Do I understand this correctly? Thanks again.

Mayeul
Guest
Posts: n/a

 07-29-2009
RVic wrote:
> Thanks Eric.
>
> So then if theParityInPlace != theParityAsZeroOrOne I would assume
> that it is not even parity? And if I am thus looking for even parity,
> then I must require:
>
> theParityInPlace == theParityAsZeroOrOne
>
> Do I understand this correctly? Thanks again.

Far from it.

How about trying to understand what is in theParityInPlace and in
theParityAsZeroOrOne *before* trying to use them in some way?

Anyway, if all you want to do is to check for even parity, you need neither.
All you need to do is count the number of 1's in a byte and check this
number is even.

(On a side note, I know of no direct way to do that in Java.

boolean even = true;
for(int i = 0; i < 8; i++) {
if((theByte & (1 << i)) != 0) {
even = !even;
}
}

Maybe?)

--
Mayeul

RVic
Guest
Posts: n/a

 07-29-2009
Well it appears from what I can discern that if

if(((int)theParityInPlace % 2) == (int) theParityAsZeroOrOne)

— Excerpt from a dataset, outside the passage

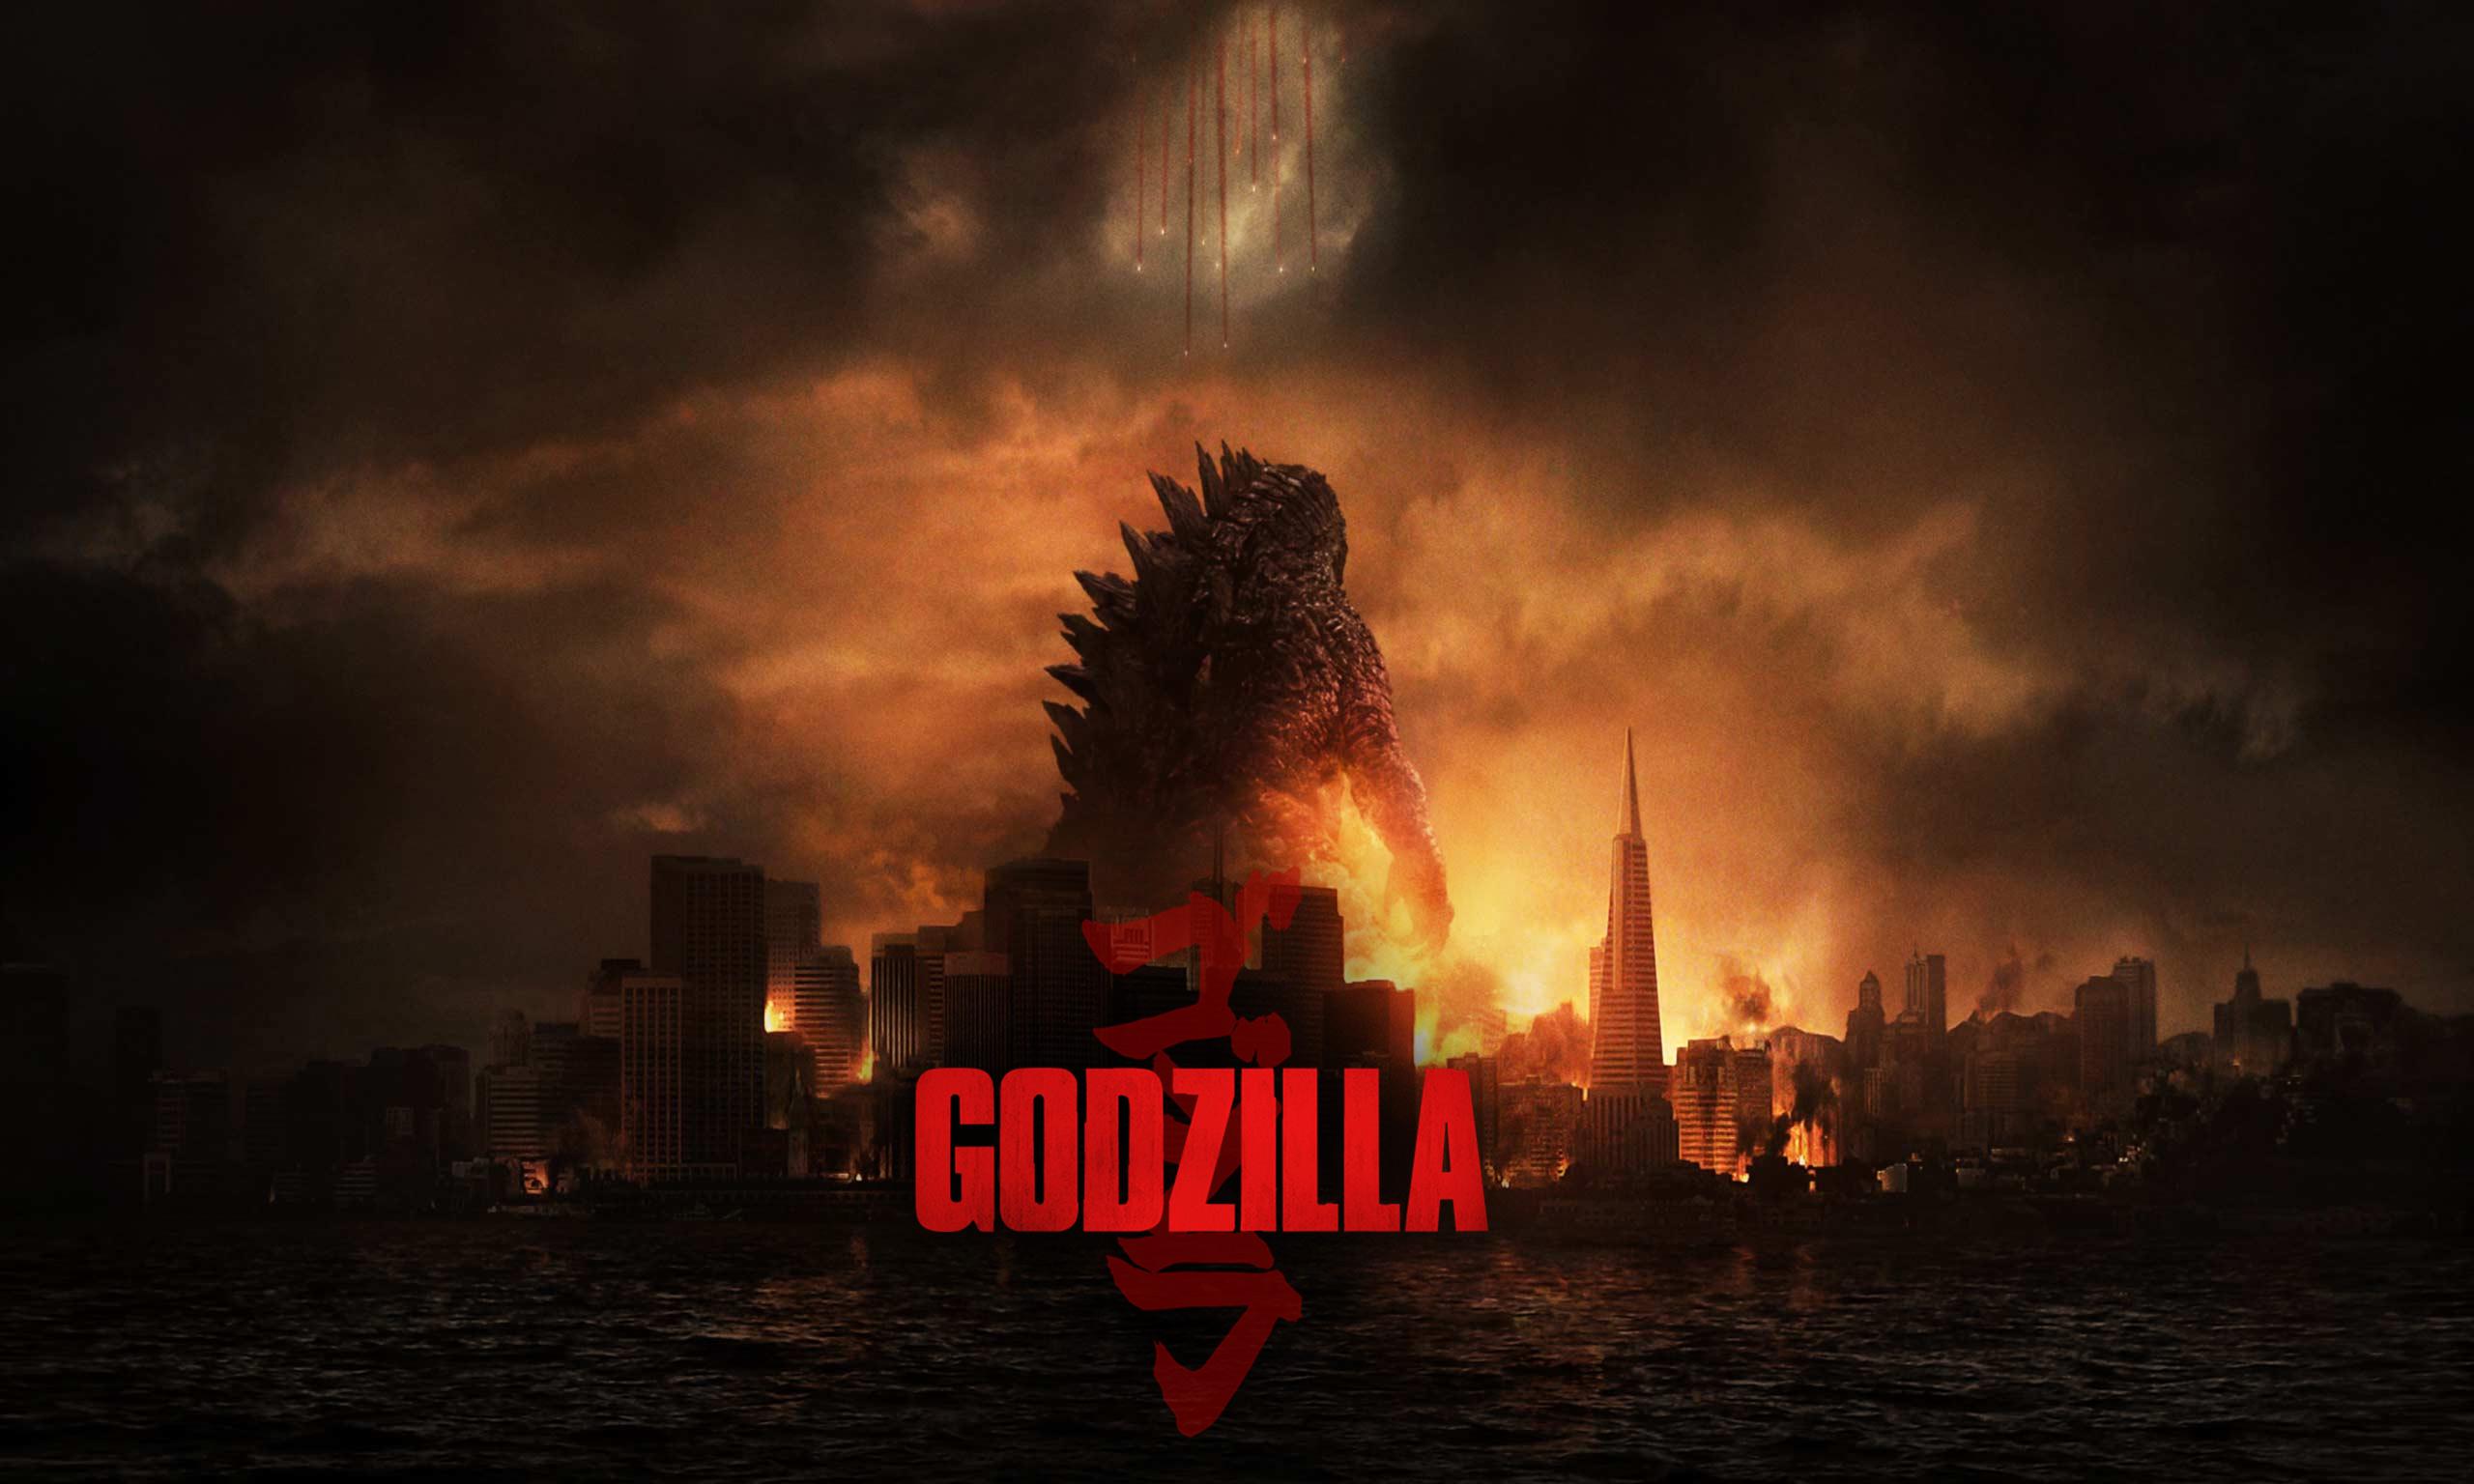 GOdzilla 2014 wallpaper 2 2560x1536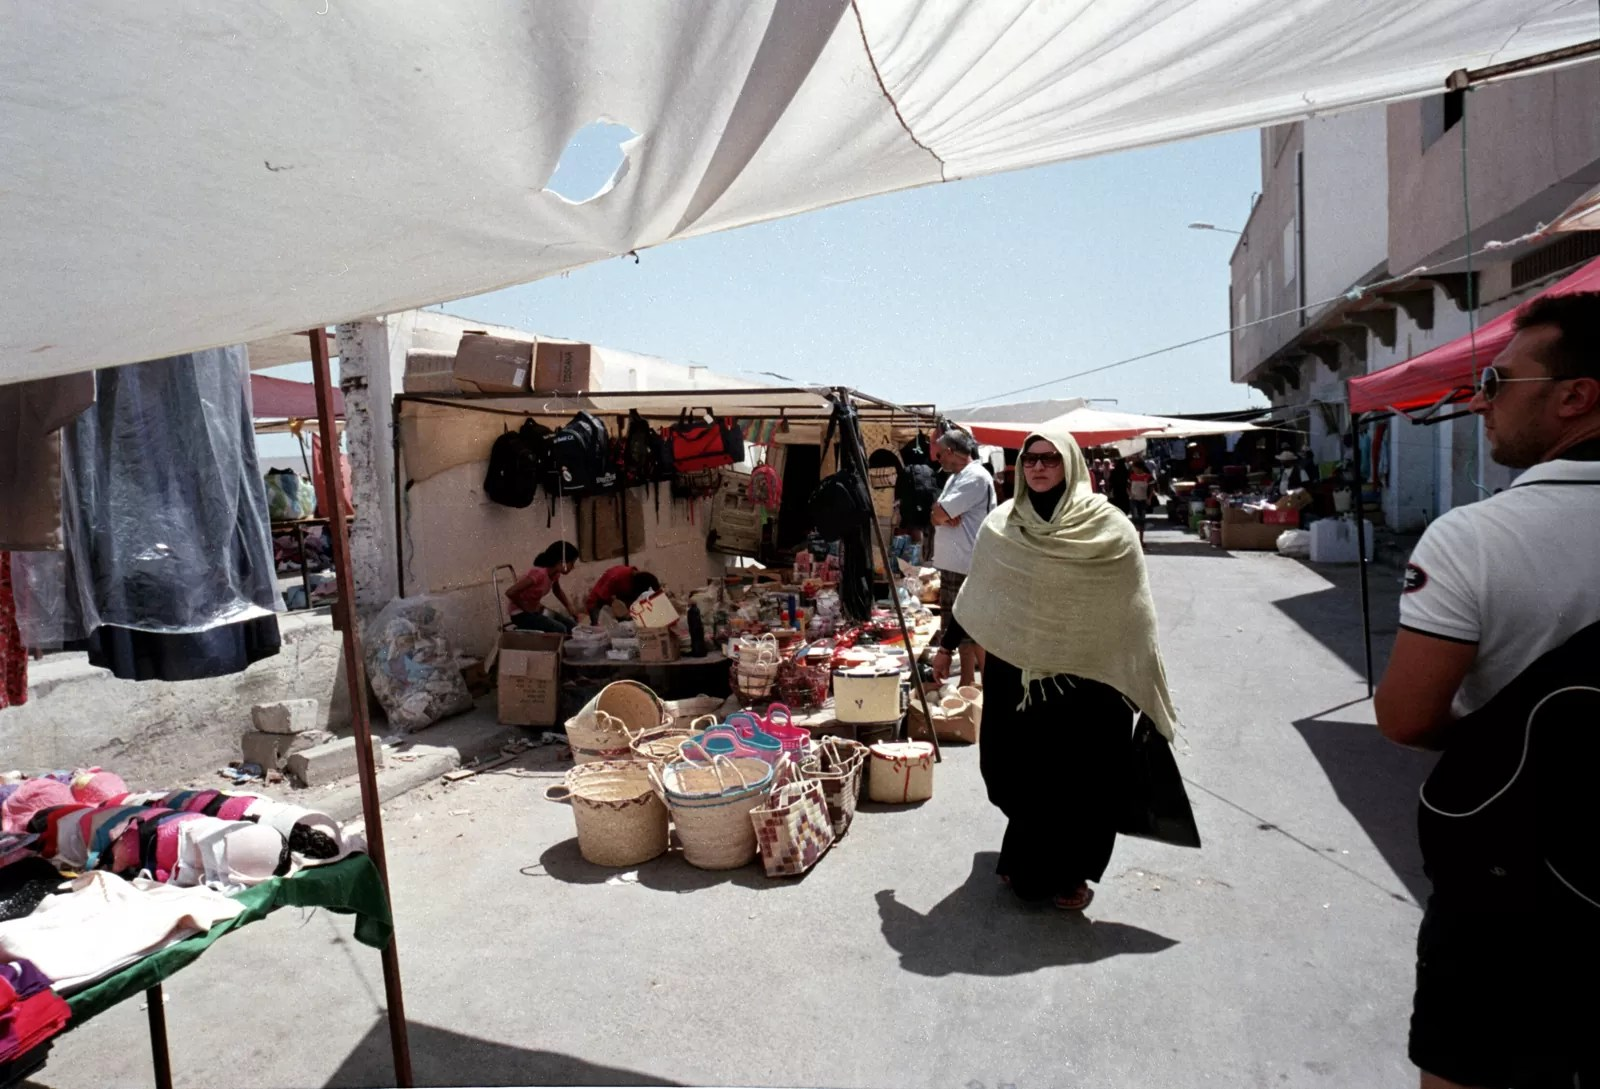 Film Street Photography - Leica M6 - Voigtlander 21mm F4 - Fuji Superia 200 - Tunisia - ©2017 Andrea Scirè

then it is even parity and it passes -- if I understand what is going
on correctly.

Lew
Guest
Posts: n/a

 07-29-2009
Mayeul wrote:
> Anyway, if all you want to do is to check for even parity, you need neither.
> All you need to do is count the number of 1's in a byte and check this
> number is even.
>
> (On a side note, I know of no direct way to do that in Java.
>
> boolean even = true;
> for(int i = 0; i < 8; i++) {
> * *if((theByte & (1 << i)) != 0) {
> * * *even = !even;
> * *}
>
> }
>

Not quite direct, but:

boolean evenParity =
((Integer.bitCount( theByte & 0xff ) & 0x01) == 0);

--
Lew

Roedy Green
Guest
Posts: n/a

 07-29-2009
On Wed, 29 Jul 2009 08:51:00 -0700 (PDT), RVic <(E-Mail Removed)>
wrote, quoted or indirectly quoted someone who said :

>If I have an inputstream, as a byte[], and I know that the stream is
>7E1 (7 bits with 1 parity bit, even parity) how do I break apart each
>byte in the byte array into the constituent 7 bits (as the ASCII code
>or integer representation) and the parity bit? Surely there must be
>some very efficient means for doing this? Thanks,

Shift, mask and test in a loop.
see http://mindprod.com/jgloss/parity.html
for sample code.
--
http://mindprod.com

The USA and Iraq are as mismatched combatants as Mike Tyson and a bag lady. Americans make themselves look ridiculous when they justify invading and occupying Iraq in self defence.

Roedy Green
Guest
Posts: n/a

 07-29-2009
On Wed, 29 Jul 2009 09:36:03 -0700 (PDT), RVic <(E-Mail Removed)>
wrote, quoted or indirectly quoted someone who said :

>boolean isEven = ((int)payload) % 2 == 0;

oops. That just tests the low order bit.

see http://mindprod.com/jgloss/parity.html
--
http://mindprod.com

The USA and Iraq are as mismatched combatants as Mike Tyson and a bag lady. Americans make themselves look ridiculous when they justify invading and occupying Iraq in self defence.